In the previous chapters, we have managed to run arbitrary code in 64-bit mode. The goal of this chapter is to get a real Linux Kernel up and running.
Some might wonder, Linux can also be started in real mode, so why do we need to go through all this trouble? It’s because under normal circumstances, Linux relies on a bootloader to perform the mode switch and kernel code loading, whereas our VMM can handle this step more efficiently. After we switch modes, we just need to ensure that the kernel code and initrd are loaded into the corresponding page table entries in memory, then we can directly jump-start the vcpu.
Environment Preparation
Since we only aim to start Linux and not a full-blown Linux with a hard disk, we just need to prepare:
Kernel file: You can compile it yourself, or download a pre-compiled and optimized file from the address provided by firecracker.
initrd image: (This is not actually a disk image, it just carries the old name) You can package it yourself, or use a script to create one.
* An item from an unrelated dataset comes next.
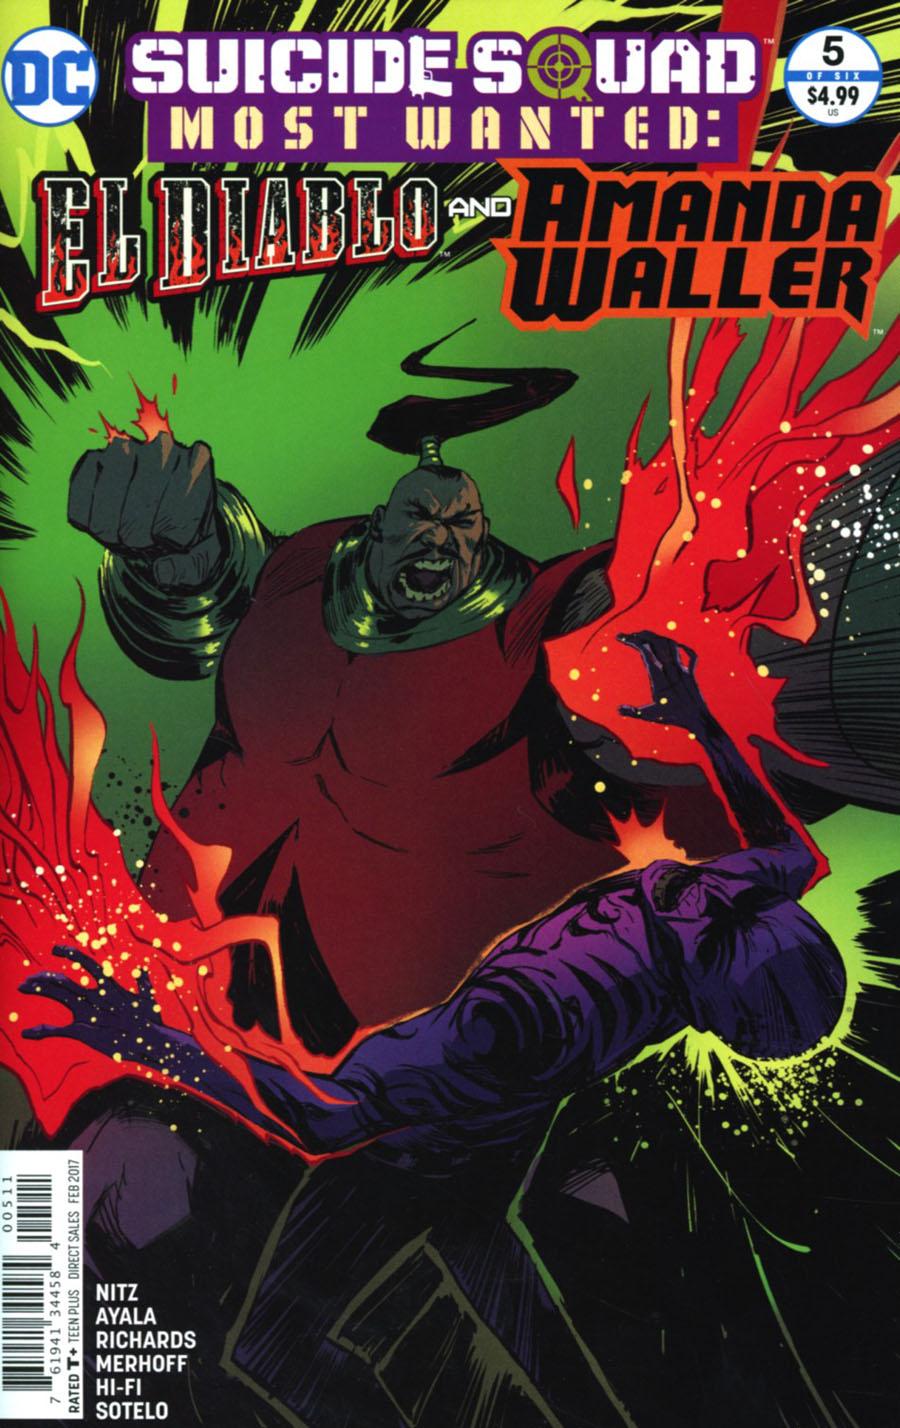 Suicide Squad Most Wanted El Diablo & Amanda Waller #5

Here is a simple guide I wrote while trying out Rust for Linux, which includes kernel compilation, manual initrd building, and booting. It can serve as a reference. However, building the Kernel and initrd is not our current focus. To ensure we are not sidetracked by these issues, we’ll just use ready-made ones.
initrd.img: Build according to https://github.com/marcov/firecracker-initrd.git (Note: this is somewhat outdated, it may prompt that the root user’s password is too simple, just modify it manually)
We place both vmlinux.bin and initrd.img files under /tmp/mini-kvm.
IRQ and PIT Creation
PIC and APIC
In addition to the CPU and memory, another important part of a computer is I/O devices. There are two ways to determine if a device has data: either the CPU polls, which can be costly when done frequently, and incur latency when done too infrequently, or the device notifies the CPU when the data is ready, through what is known as an interrupt. At the end of each instruction cycle, the CPU checks the interrupt flag IF to see if it’s set, and if so, it jumps to the corresponding interrupt handler.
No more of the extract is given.